Hardware-ally transmitted disease

Yesterday I was fixing a friend’s laptop mounting Windows XP (TM). The usual software maintenance: delete ad-ware, uninstall useless software (“But that got a nice animated icon!“), and teach why a not up-to-date antivirus is like no antivirus at all.

While checking an USB flash drive I noticed a strange software. I missed it in the first time: its icon is like the Security Center icon, but when I plugged the drive in the USB port, the system gone crazy spamming “can’t find <path>” warnings.

The problem (but not the only one) was a software, Disk Knight. It was a process in the PC, it was listed in the Control Panel uninstall section and it was in the USB drive as Knight.exe (and called via the autorun). This software auto-install itself in every USB drive connected to the PC, and in every PC where you plug an infected (yes, it’s like a virus, IMHO) USB drive.

If you are unlucky and you got it, you can follow the instructions to remove this software: in English (I didn’t checked all the page content), in Italian (I used those).

It seems that some antivirus software now correctly recognize Disk Knight as a virus.
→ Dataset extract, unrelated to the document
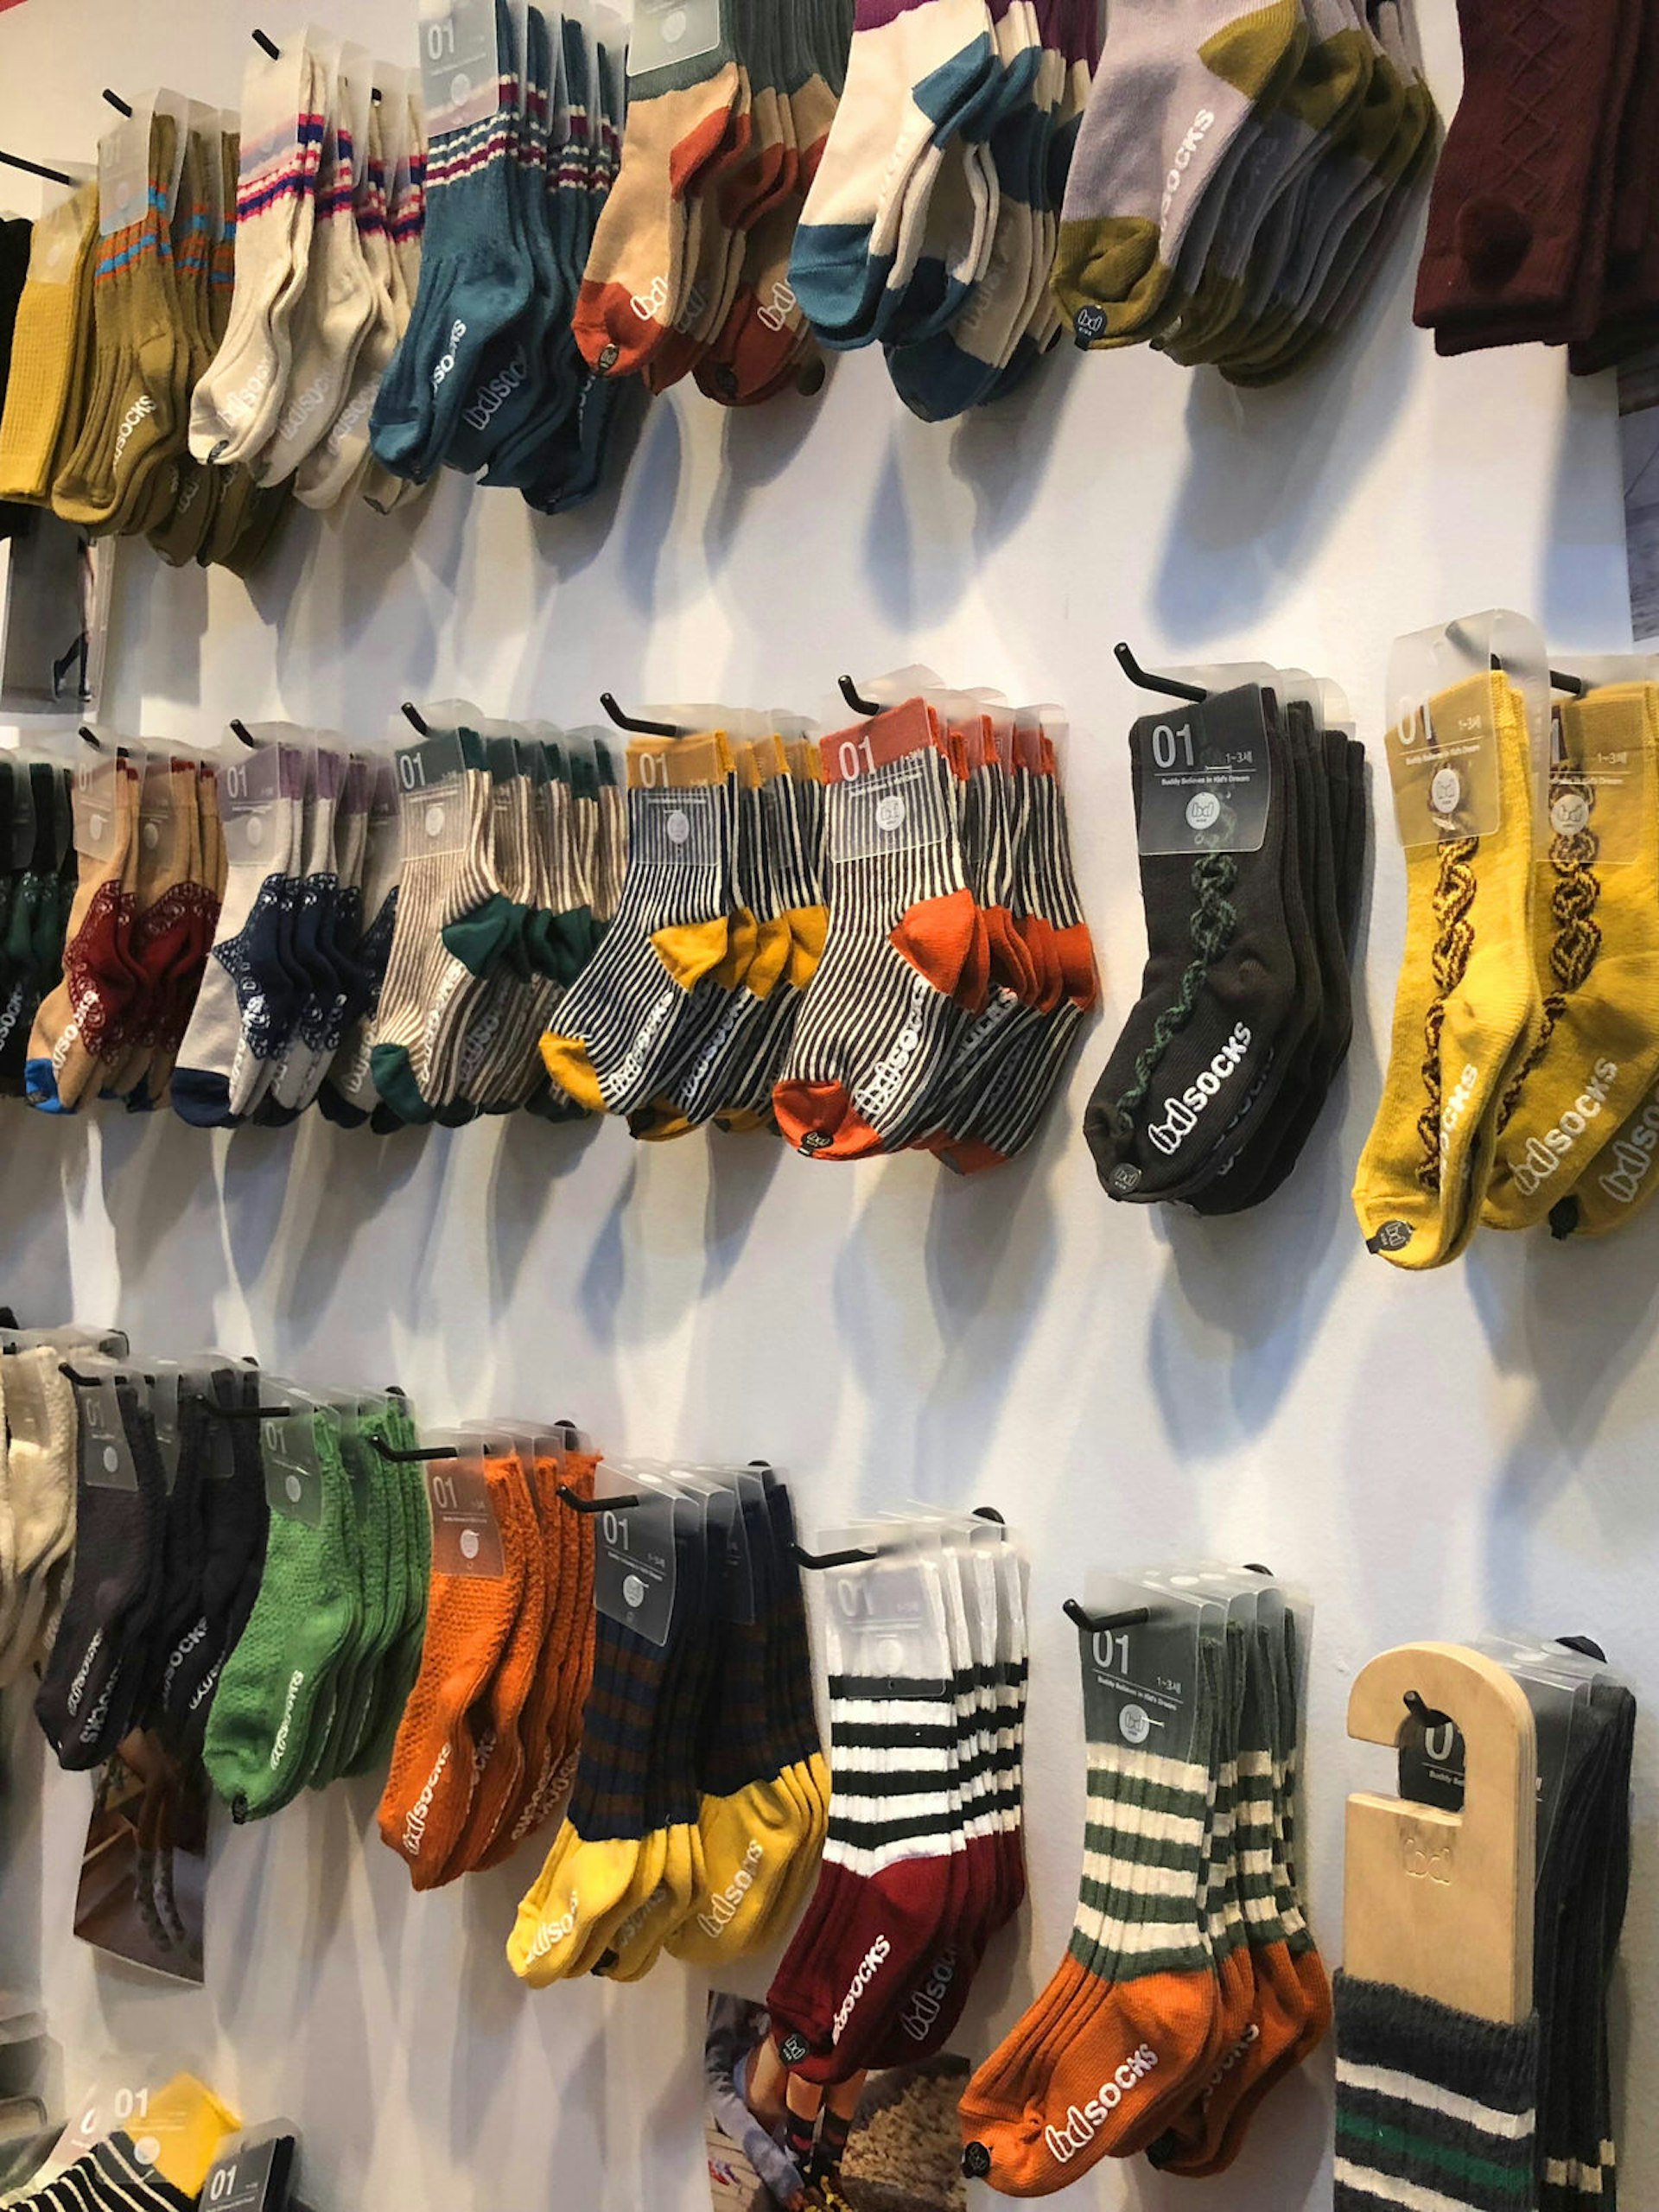 Several racks of socks in yellow and grey, orange, and muted tones and stripes

In my opinion, the real security threat is the bunch of users not knowing what they are doing, what they are handling and thinking “it’s only a PC”. To drive a car, everyone must get a driving license and pass a test: the user must know the road rules and the internals of the device that she is using. And there are too many deaths every year caused by car drivers.

But it’s my PC, it’s not a car, can’t kill people!“. Tell me that next time you get an insane bill from your telephone company (i.e. dialer), or next time you can’t access your favourite website (i.e. distributed denial of service). Or maybe tell it to people in Estonia.

Edit: In the old times, 3” 1/2 floppy disk had a write protection device to avoid virus spreading. Unluckily USB flash drives miss that feature.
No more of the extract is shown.